Tests results using Vulkan suggest the smaller RTX 5070 also has higher L2 latency (122 ns) than the RTX 4090, even though the 5070 has fewer SMs and a smaller L2. Cache latency results from Nemes’s Vulkan test suite should be broadly comparable to my OpenCL ones, because we both use a current = arr[current] access pattern. A deeper look showed minor code generation differences that seem to add ~3 ns of latency to the Vulkan results. That doesn’t change the big picture with L2 latencies. Furthermore, the difference between L1 and L2 latency should approximate the time taken to traverse the on-chip network and access the L2. Differences between OpenCL and Vulkan results are insignificant in that regard. Part of GB202’s L2 latency regression may come from its massive scale, but results from the 5070 suggest there’s more to the picture.
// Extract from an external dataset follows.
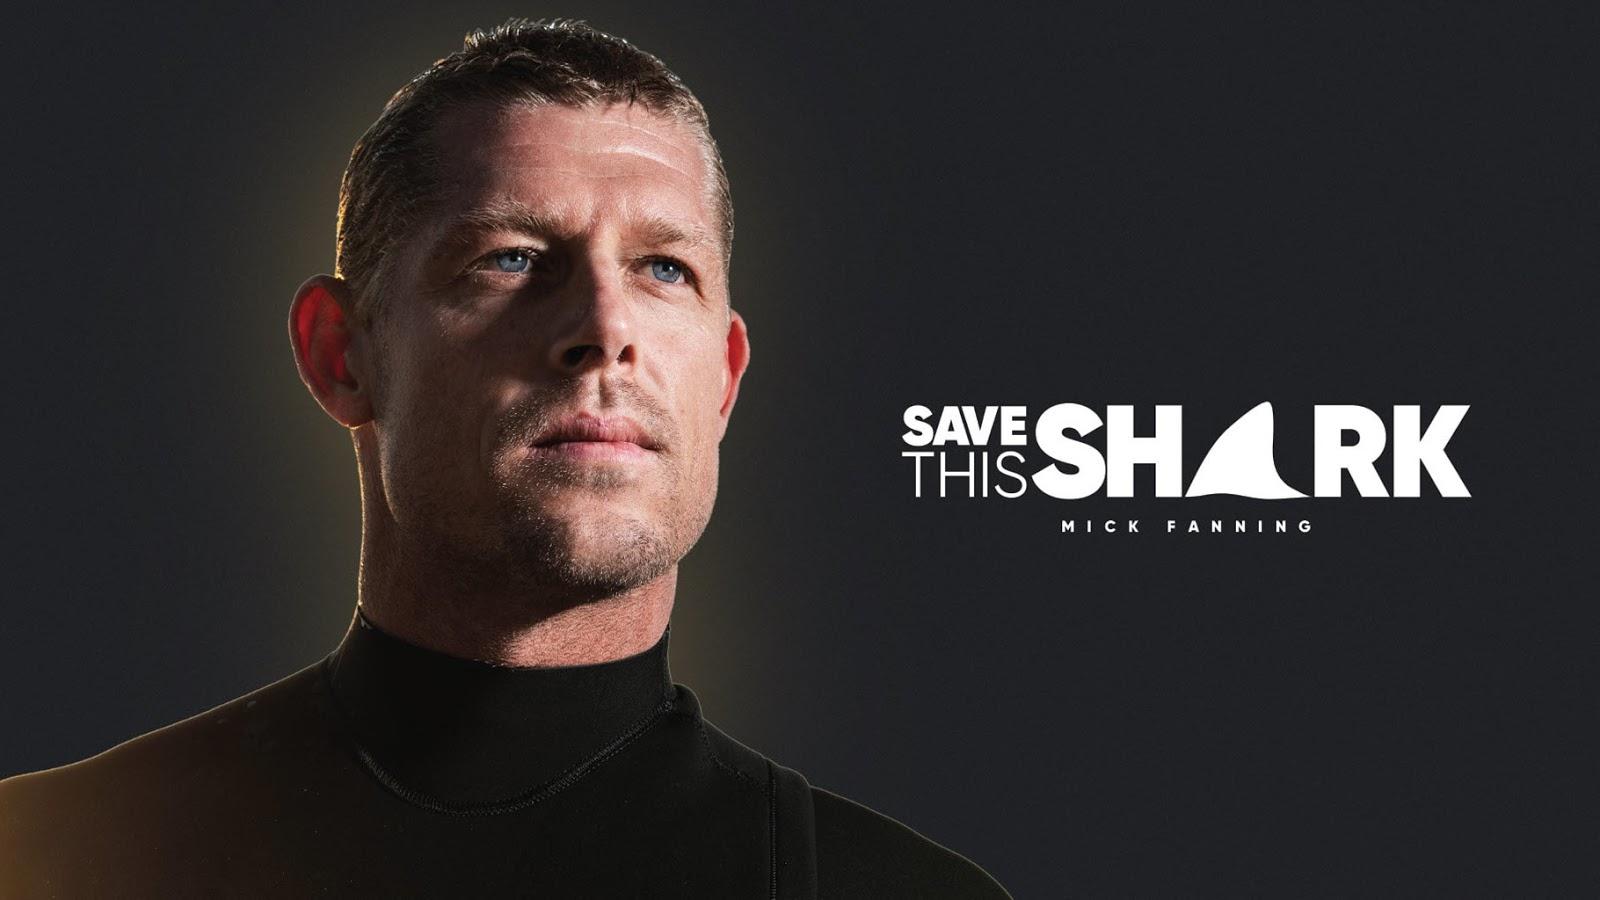 Save This Shark Trailer

The RTX PRO 6000 Blackwell’s VRAM latency is manageable at 329 ns, or ~200 ns over L2 hit latency. AMD’s RDNA4 manages better VRAM latency at 254 ns for a vector access, or 229 ns through the scalar path. Curiously, Nvidia’s prior Ada Lovelace and Ampere architectures enjoyed better VRAM latency than Blackwell, and are in the same ballpark as RDNA4 and RDNA2.
Blackwell’s L2 bandwidth is approximately 8.7 TB/s, slightly more than the RX 9070’s 8.4 TB/s. Nvidia retains a huge advantage at larger test sizes, where AMD’s Infinity Cache provides less than half the bandwidth. In VRAM, Blackwell’s GDDR7 and 512-bit memory bus continue to keep it well ahead of AMD.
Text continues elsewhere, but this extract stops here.